FAF du Plessis's temporary elevation to South Africa's Twenty20 captaincy, opportunities for Quinton de Kock, Chris Morris, Henry Davids and Aaron Phangiso, and a slap in the face for Thami Tsolekile punctuated the announcement at Newlands yesterday of the Proteas squads to play New Zealand in the T20 and Test series this summer.

Du Plessis's promotion is as much deserved as it is a neat way to lighten the workload on AB de Villiers, who keeps wicket in all three formats and captains the one-day and T20 sides.

"We would like to rotate AB and give him a rest, but having him captain and resting him makes it awkward," selection convener Andrew Hudson said.

Du Plessis knows how to take his chances, as we saw when he stepped into the breach created by JP Duminy's injury in the Test series in Australia.
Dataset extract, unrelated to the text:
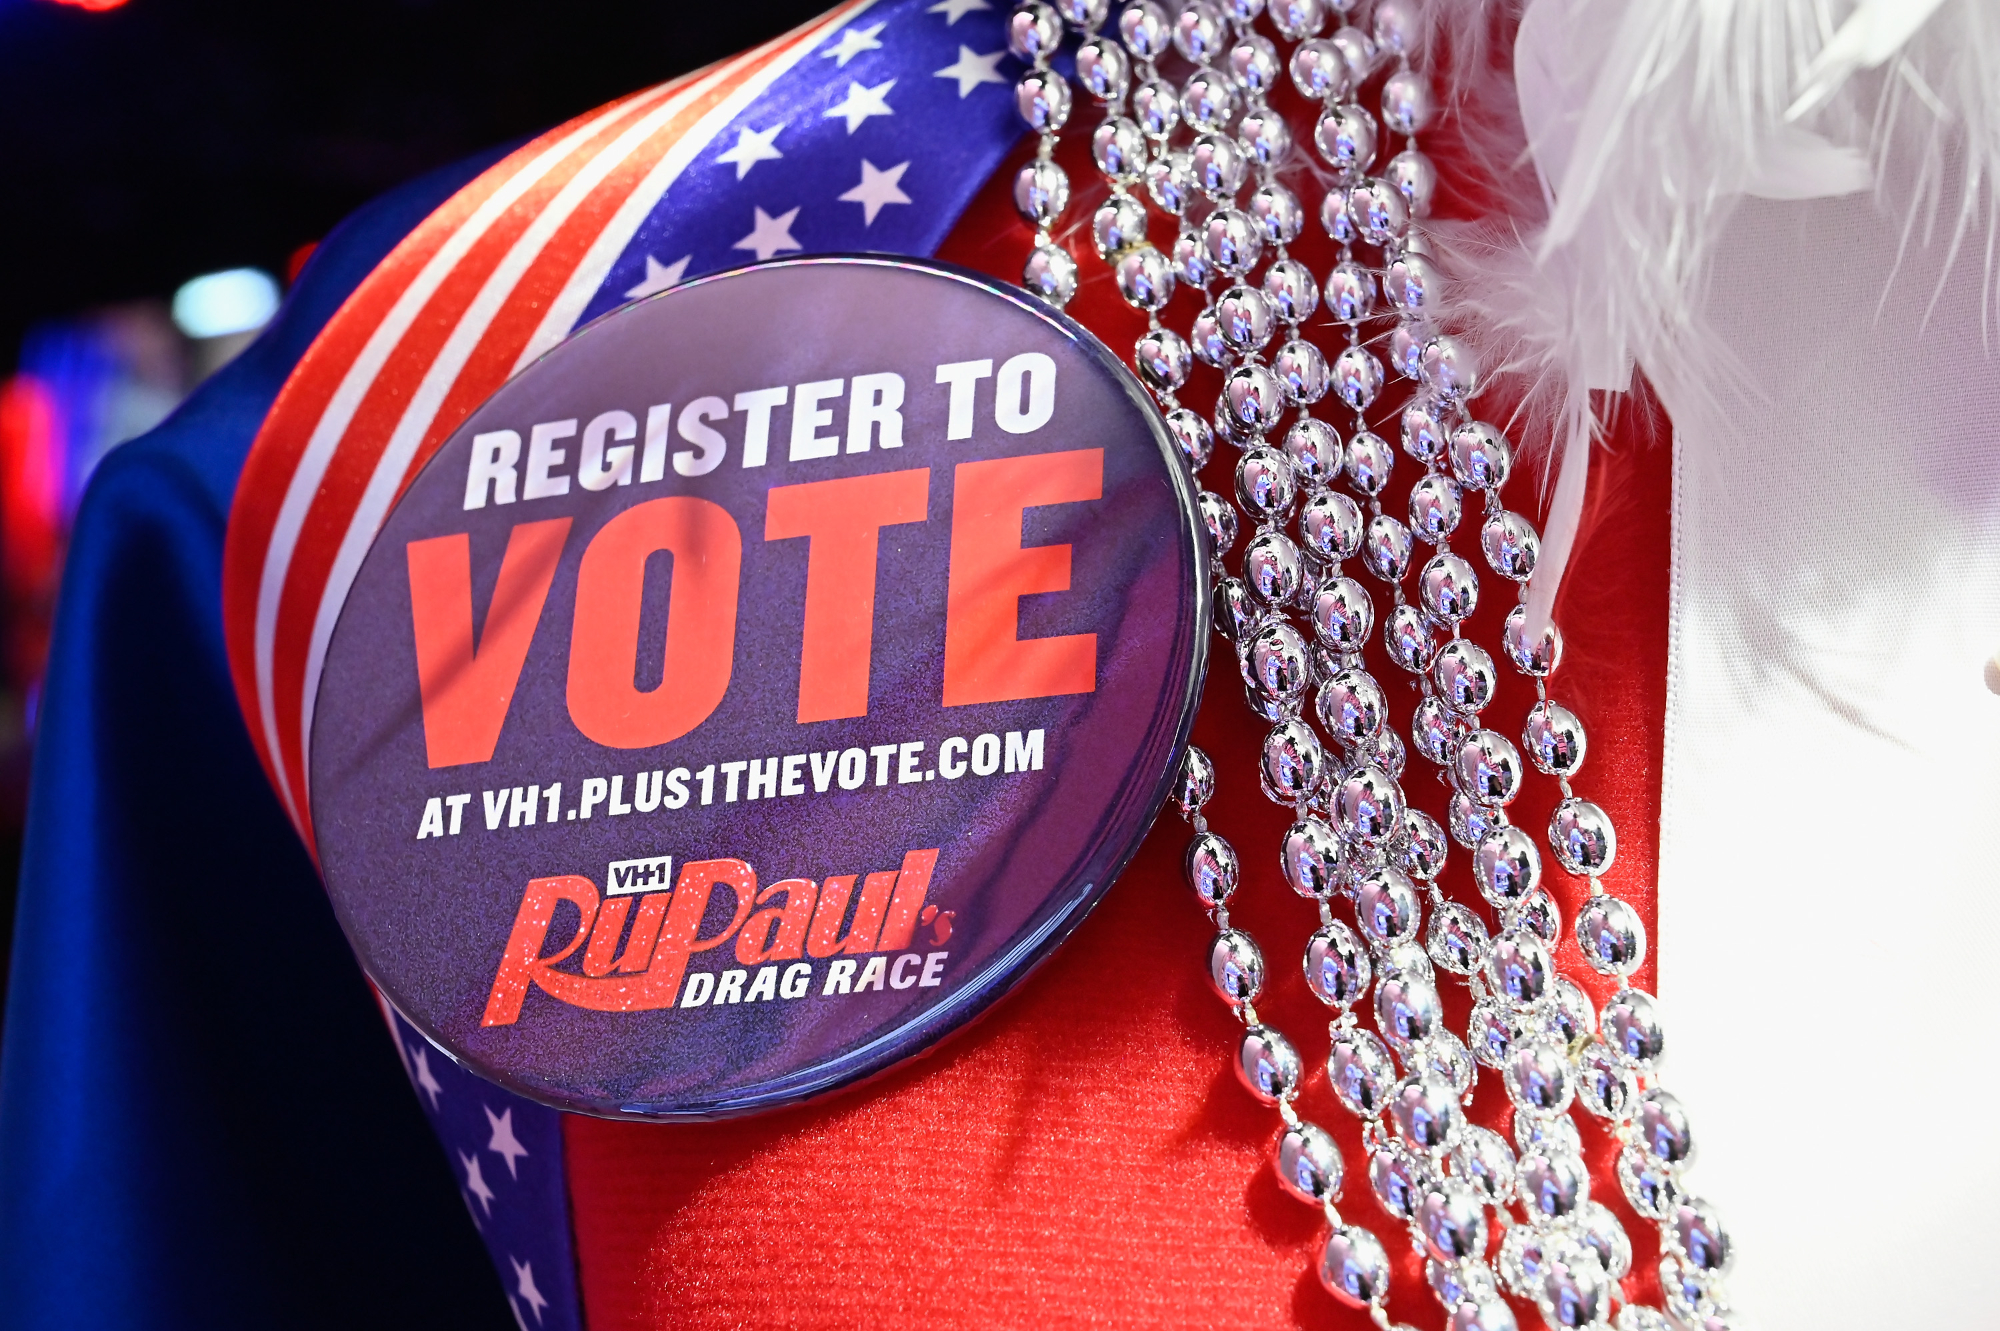 'RuPaul's Drag Race' register to vote pin, whose cast is speaking up about Roe v. Wade. Next to the pin is a beaded necklace.

Morris, Davids and Phangiso, too, have earned the nod. Morris and Phangiso make things happen with the ball, and Davids has been the most attacking batsman on the domestic one-day scene this season. But the selectors' decision to hand the gloves to De Kock, who turns 20 on Monday, makes no sense.

"The wicketkeeper is something we have debated long and hard about," Hudson said. "We need to find a keeper for the future and one of the options is looking at a guy like Quinton de Kock.

"It will be nice to see him play and to see him step up in the international arena.

"It's very much a work in progress and the message to other keepers is not that we have passed them by - it's still very open in terms of a longer-term wicketkeeping solution."

Tell that to Tsolekile, who was called up to the winter tour of England when Mark Boucher was injured but was then ignored in favour of De Villiers; who quite rightly keeps ahead of De Kock for the Lions; and who is acknowledged as the best gloveman in the country.

Tell it, too, to Dane Vilas and Heino Kuhn, who are more experienced and downright better wicketkeepers than De Kock at this embryonic stage of his career.

De Kock has nuclear potential as a batsman, but right now he fails to launch more often than he succeeds. In the Champions League T20 in October, he was fourth on the Lions' list of run-scorers, fifth in the averages and sixth in terms of strike rate.

Proof of the abandonment of the pretence that Tsolekile is part of the plan came with his omission from the Test squad. The only other casualty from the side that returned from Australia last week is Imran Tahir.

T20 squad

Faf du Plessis (captain), Farhaan Behardien, Henry Davids, Quinton de Kock, AB de Villiers, Rory Kleinveldt, Richard Levi, David Miller, Morne Morkel, Chris Morris, Wayne Parnell, Robin Peterson, Aaron Phangiso, Dale Steyn, Lonwabo Tsotsobe.

Test squad

Graeme Smith (captain), Hashim Amla, AB de Villiers, Faf du Plessis, Dean Elgar, Jacques Kallis, Rory Kleinveldt, Morne Morkel, Alviro Petersen, Robin Peterson, Vernon Philander, Jacques Rudolph, Dale Steyn.